# What the task requires
Of the lines in the material below, print only those from the one containing "House Plans For" to the one containing "Chevy-Shawnee-Missio", ends included, exactly as written and without pictures.

# Input
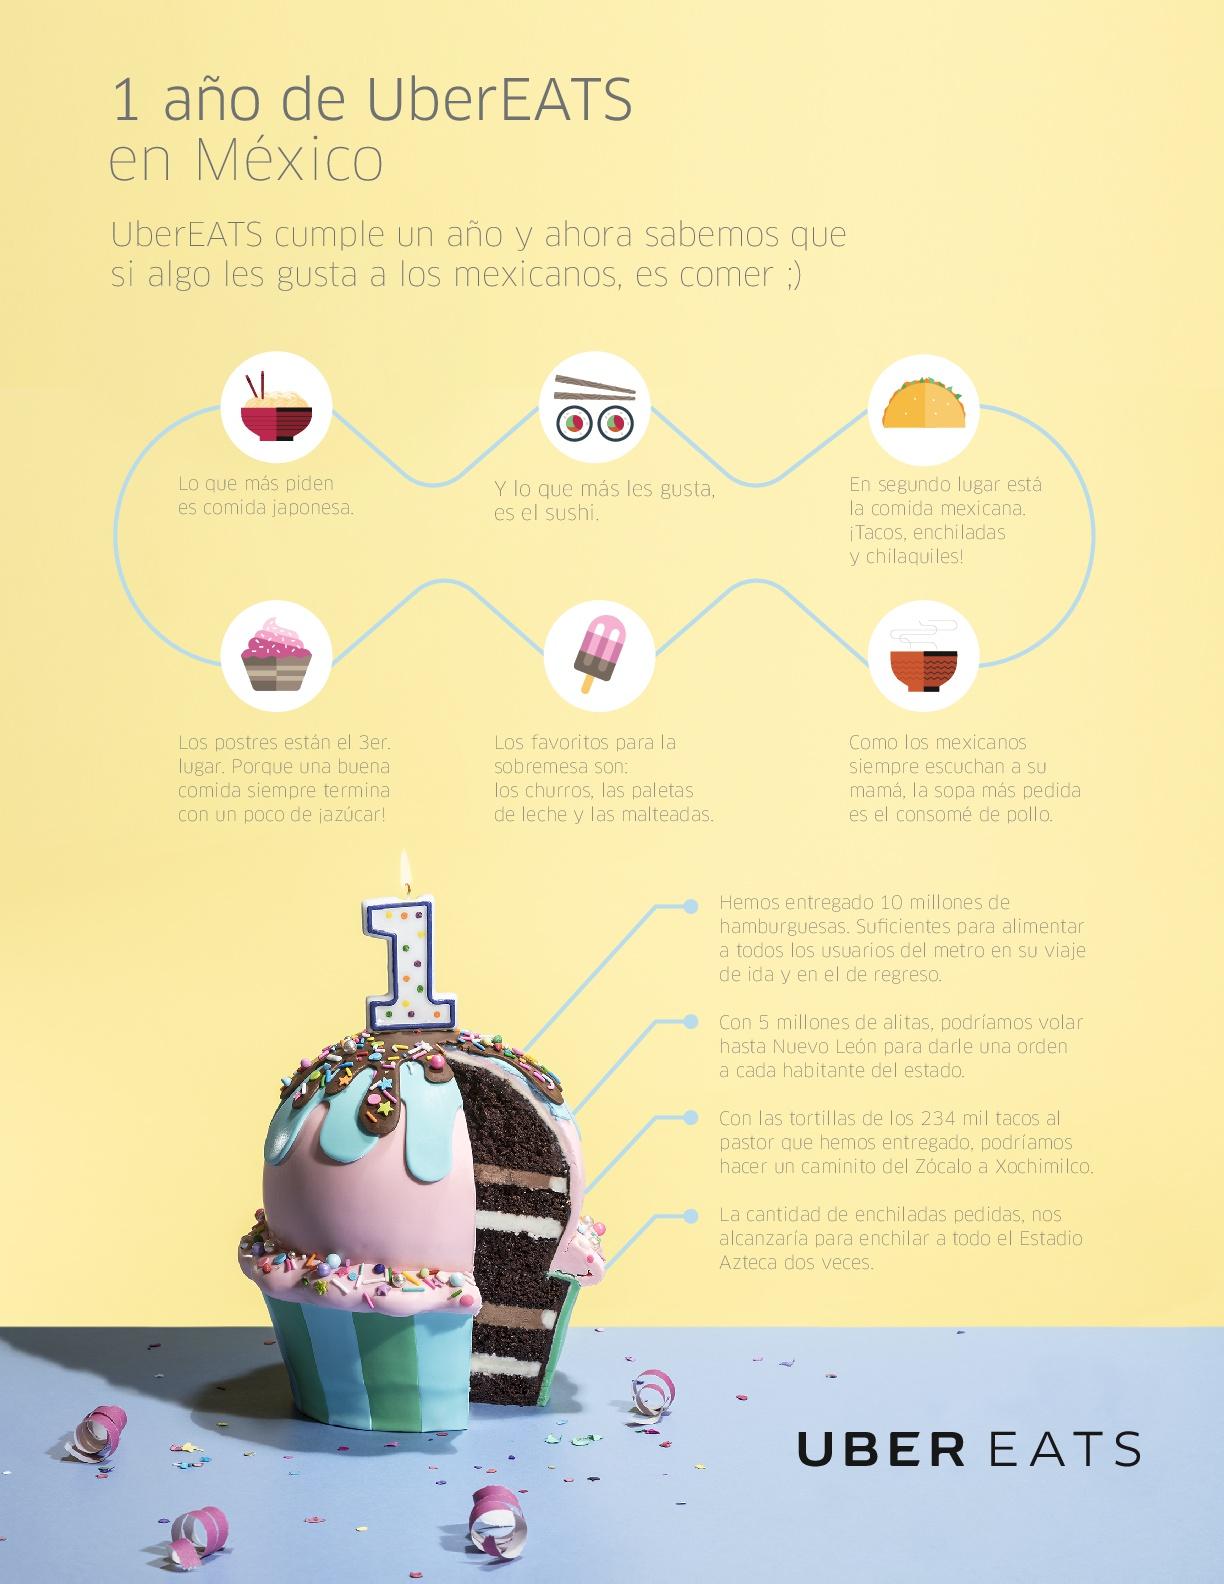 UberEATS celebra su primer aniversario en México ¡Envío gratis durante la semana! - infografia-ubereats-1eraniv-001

...

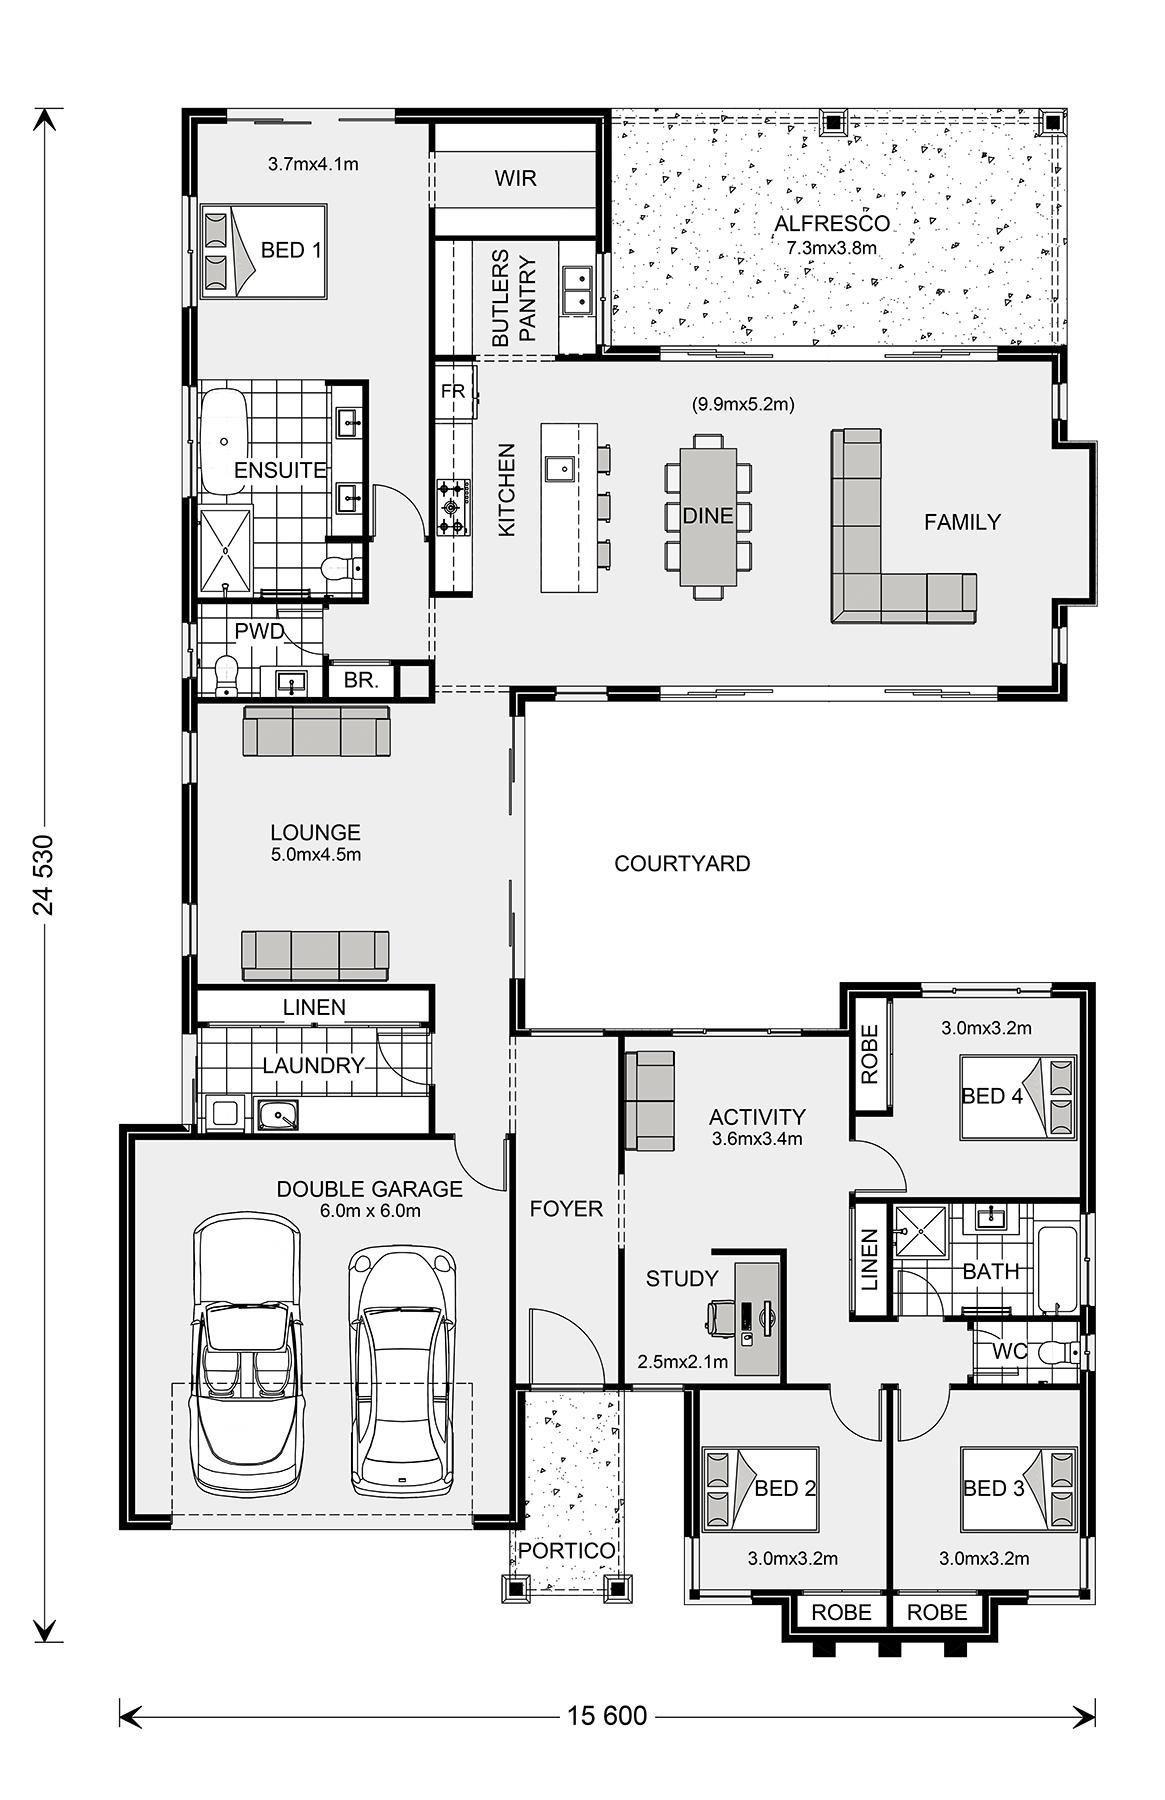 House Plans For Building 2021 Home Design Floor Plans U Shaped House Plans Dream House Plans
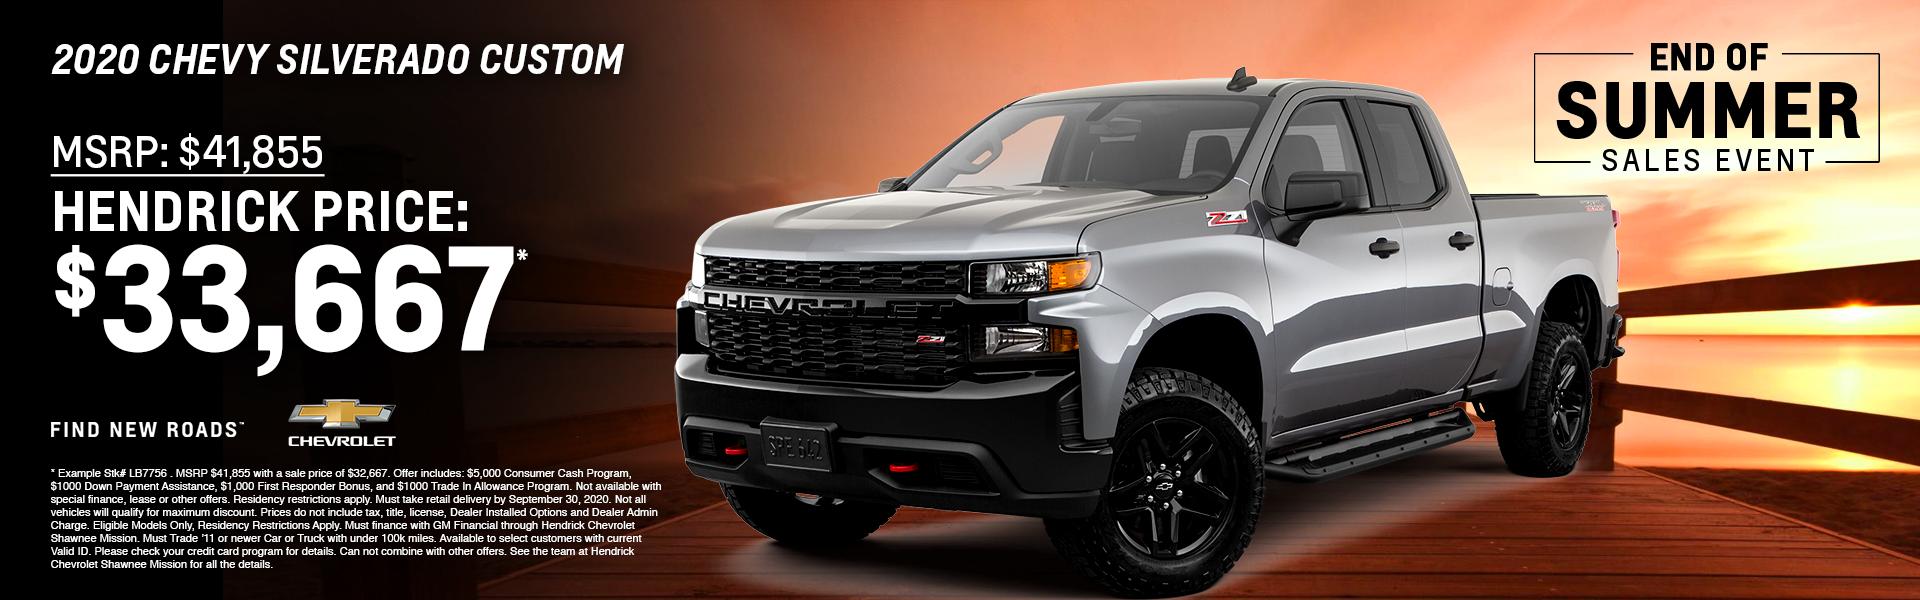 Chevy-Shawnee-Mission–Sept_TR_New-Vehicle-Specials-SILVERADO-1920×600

==

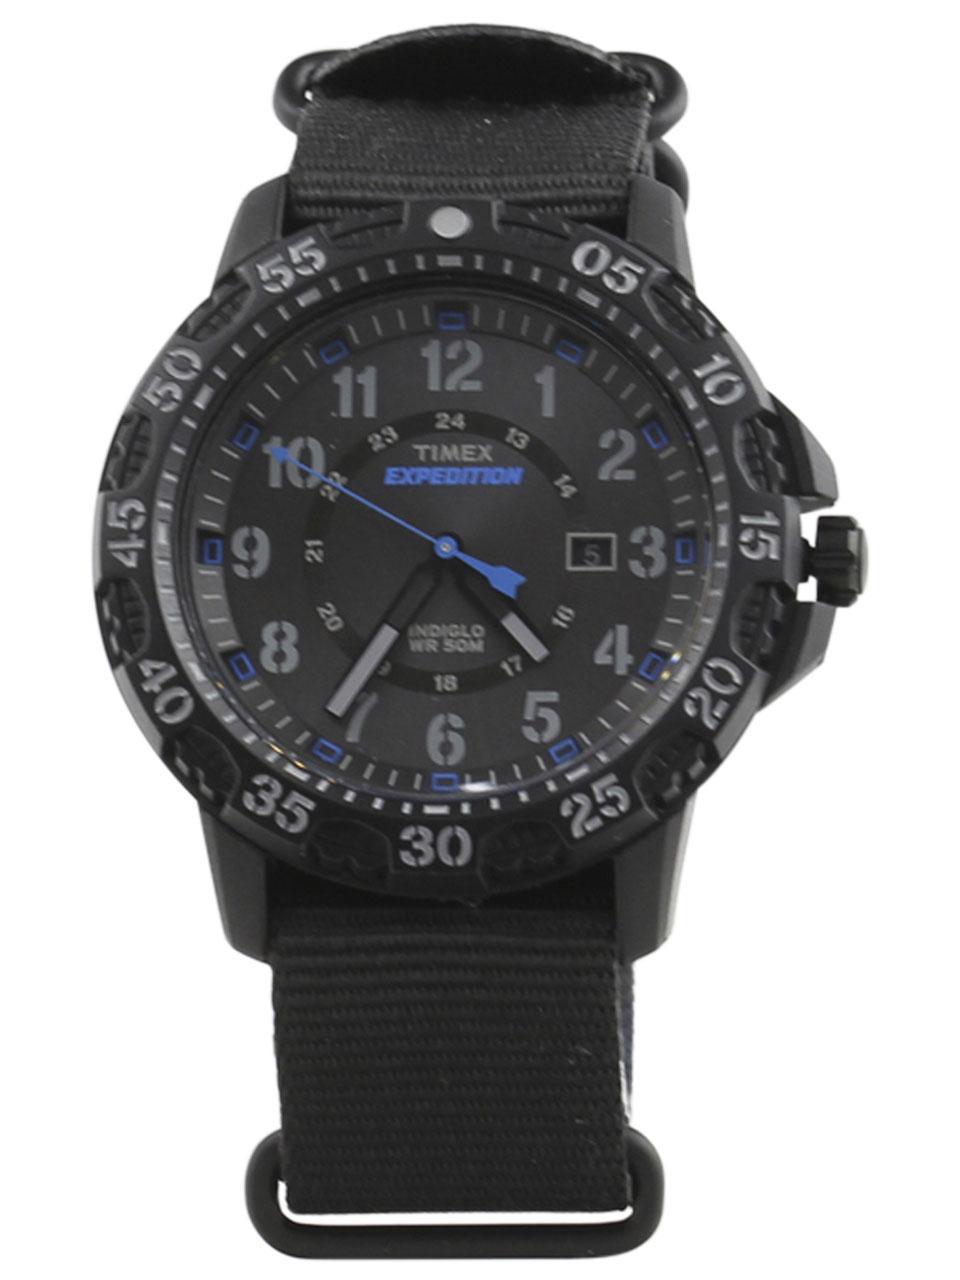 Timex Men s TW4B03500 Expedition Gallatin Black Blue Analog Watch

# Answer to the problem
 House Plans For Building 2021 Home Design Floor Plans U Shaped House Plans Dream House Plans
 Chevy-Shawnee-Mission–Sept_TR_New-Vehicle-Specials-SILVERADO-1920×600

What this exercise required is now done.